Том 4. Униженные и оскорбленные. Повести и рассказы 1862–1866. Игрок - Федор Михайлович Достоевский
Шрифт:
Интервал:
Закладка:
— Как! ви хатит, чтоб мой крокодиль пропадиль! — завопил вбежавший опять хозяин, — нетт, пускай ваш муж сперва пропадиль, а потом крокодиль!.. Мейн фатер показаль крокодиль, мейн гросфатер показаль крокодиль, мейн зон будет показать крокодиль, и я будет показать крокодиль! Все будут показать крокодиль! Я ганц Европа известен, а ви неизвестен ганц Европа и мне платит штраф.
— Я, я! — подхватила злобная немка, — ми вас не пускайт, штраф, когда Карльхен лопаль!
— Да и бесполезно вспарывать, — спокойно прибавил я, желая отвлечь Елену Ивановну поскорее домой, — ибо наш милый Иван Матвеич, по всей вероятности, парит, теперь где-нибудь в эмпиреях.
— Друг мой, — раздался в эту минуту совершенно, неожиданно голос Ивана Матвеича, изумивший нас до крайности, — друг мой, мое мнение — действовать прямо через контору надзирателя, ибо немец без помощи полиции не поймет истины.
Эти слова, высказанные твердо, с весом и выражавшие присутствие духа необыкновенное, сначала до того изумили нас, что мы все отказались было верить ушам нашим. Но, разумеется, тотчас же подбежали к крокодильному ящику и столько же с благоговением, сколько и с недоверчивостью слушали несчастного узника. Голос его был заглушенный, тоненький и даже крикливый, как будто выходивший из значительного от нас отдаления. Похоже было на то, когда какой-либо шутник, уходя в другую комнату и закрыв рот обыкновенной спальной подушкой, начинает кричать, желая представить оставшейся в другой комнате публике, как перекликаются два мужика в пустыне или будучи разделены между собою глубоким оврагом, — что я имел удовольствие слышать однажды у моих знакомых на святках.
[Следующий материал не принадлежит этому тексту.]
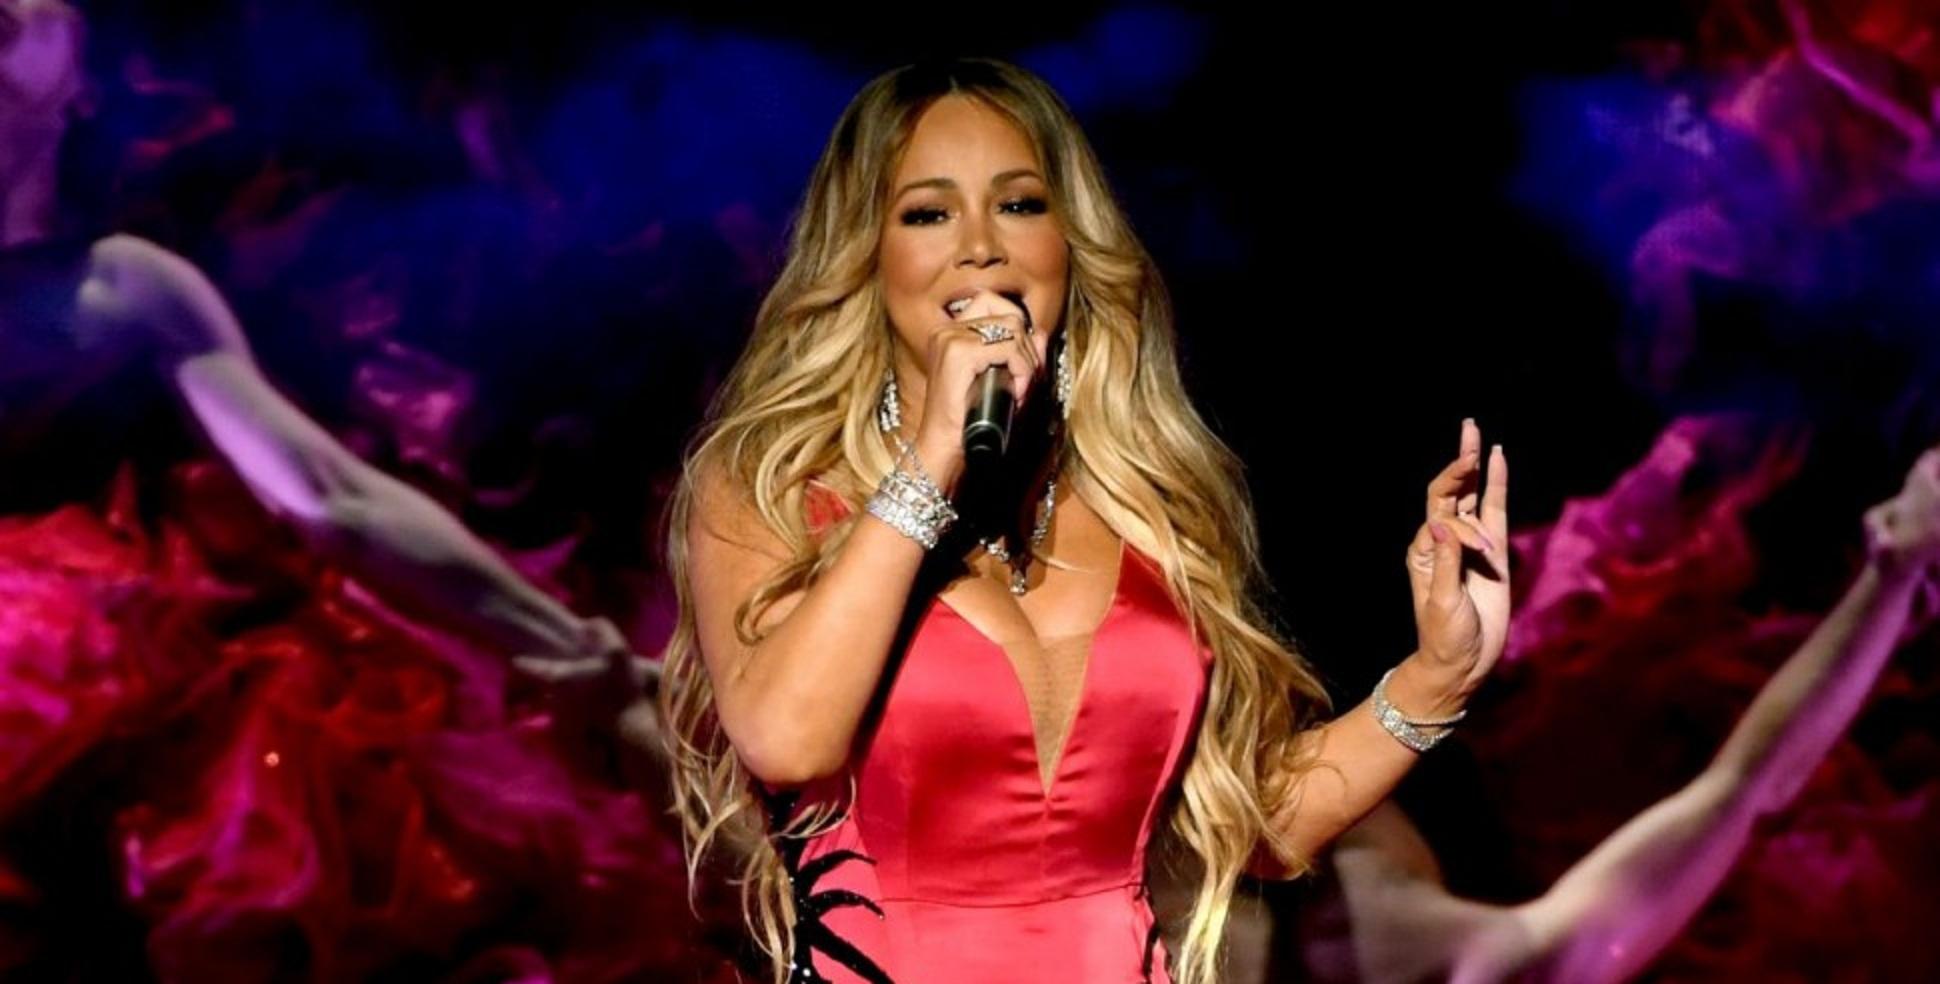 Poll: Which Song Should Mariah Carey Perform at Billboard Awards This Year?

— Иван Матвеич, друг мой, итак, ты жив! — лепетала Елена Ивановна.
— Жив и здоров, — отвечал Иван Матвеич, — и благодаря всевышнего проглочен без всякого повреждения. Беспокоюсь же единственно о том, как взглянет на сей эпизод начальство; ибо, получив билет за границу, угодил в крокодила, что даже и неостроумно…
— Но, друг мой, не заботься об остроумии; прежде всего надобно тебя отсюда как-нибудь выковырять, — прервала Елена Ивановна.
— Ковыряйт! — вскричал хозяин, — я не дам ковыряйт крокодиль. Теперь публикум будет ошень больше ходиль, а я буду фуфциг* копеек просиль, и Карльхен перестанет лопаль.
— Гот зей данк!* — подхватила хозяйка.
— Они правы, — спокойно заметил Иван Матвеич, — экономический принцип прежде всего.
— Друг мой, — закричал я, — сейчас же лечу по начальству и буду жаловаться, ибо предчувствую, что нам одним этой каши не сварить.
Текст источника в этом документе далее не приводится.